Сделав последний необъяснимый финт, нож замер у него в руке, как бы готовый к удару. В карате подобные показательные выступления называются ката, в отношении холодного оружия специальный термин мне не попадался. Наверное, у каждой школы он свой. Комплекс, последовательность, серия… Выглядит ужасно зрелищно. Зрелищно – и ужасно. Я внутренне поаплодировал удачному выступлению, а вслух предположил в продолжение темы гуркхов:

– Наверное, им забыли сообщить, что империя распалась.

– Возможно, – с невеселым смешком согласился Руслан. – Когда гуркхи на Мальвинах с кукрями наголо шли на аргентинский гарнизон, те сдались без единого выстрела. От одного фантастического вида нападающих, орущих этот боевой клич: «Айо гуркхали!». Вообще-то в оригинальном произношении нож называется кхукри.

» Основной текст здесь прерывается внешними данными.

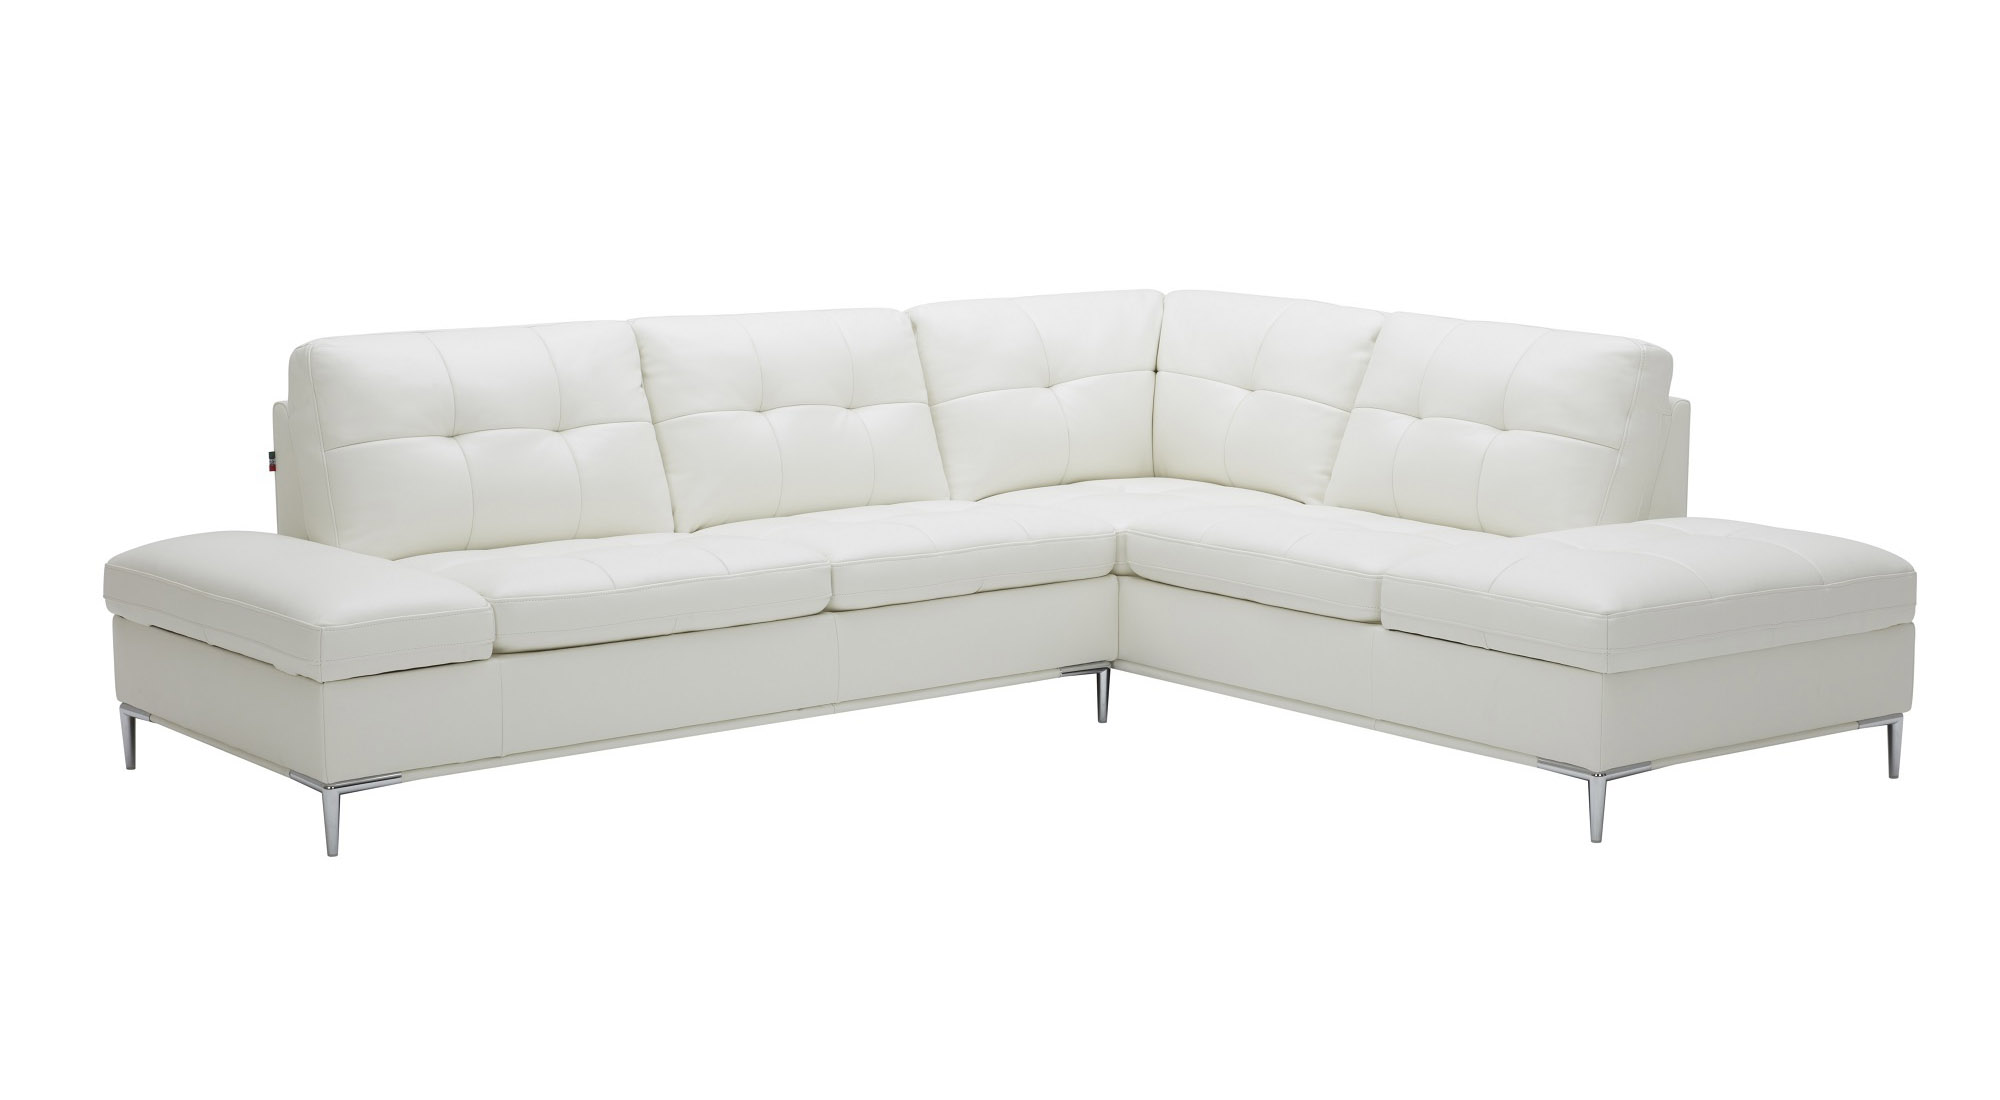 Elite Furniture Italian Leather Upholstery with Pillows - Click Image to Close

Одно слово, гуркхи.


– То есть это все-таки боевой нож? – решил уточнить я, начав вспоминать уголовный кодекс в отношении холодного оружия: что можно, а чего категорически нельзя на территории нашей родины.

Вновь исчезнувший за спиной, но незримо присутствовавший перед глазами, Русланов кукри оставался главной и единственной темой обсуждения. Наверное потому, что другой темы касаться пока не хотелось. Никому. Мысли – были. У всех. Желание поднимать их – нет.


– Будешь смеяться, – совершенно серьезно произнес Руслан, – но эта убийственная дура весом под килограмм у нас в стране холодным оружием не считается. Чем-то в формулировку не укладывается, оттого – чистый хозбыт. Какое-нибудь жалкое пятнадцатисантиметровое стальное перышко с упором является, а настоящий боевой меч, ради прикола наименованный ножиком – нет.


– Почему? – подала голос прислушивавшаяся к нашей болтовне Света. Она сошла к реке и теперь смывала с себя глину. С лицом все получалось замечательно, с одеждой – не очень. Присев к самой воде, девушка ожесточенно размазывала по ткани грязь. Понимала, что лучше дождаться, пока высохнет и само отвалится, но она – женщина, ей хотелось быть красивой в любой ситуации.


Несколько шагов, и я пристроился рядом, тоже принявшись зачерпывать и оттираться. Правда, мыл только лицо, шею и руки.

Руслан напрягся. Только что был далеко – и уже около нас.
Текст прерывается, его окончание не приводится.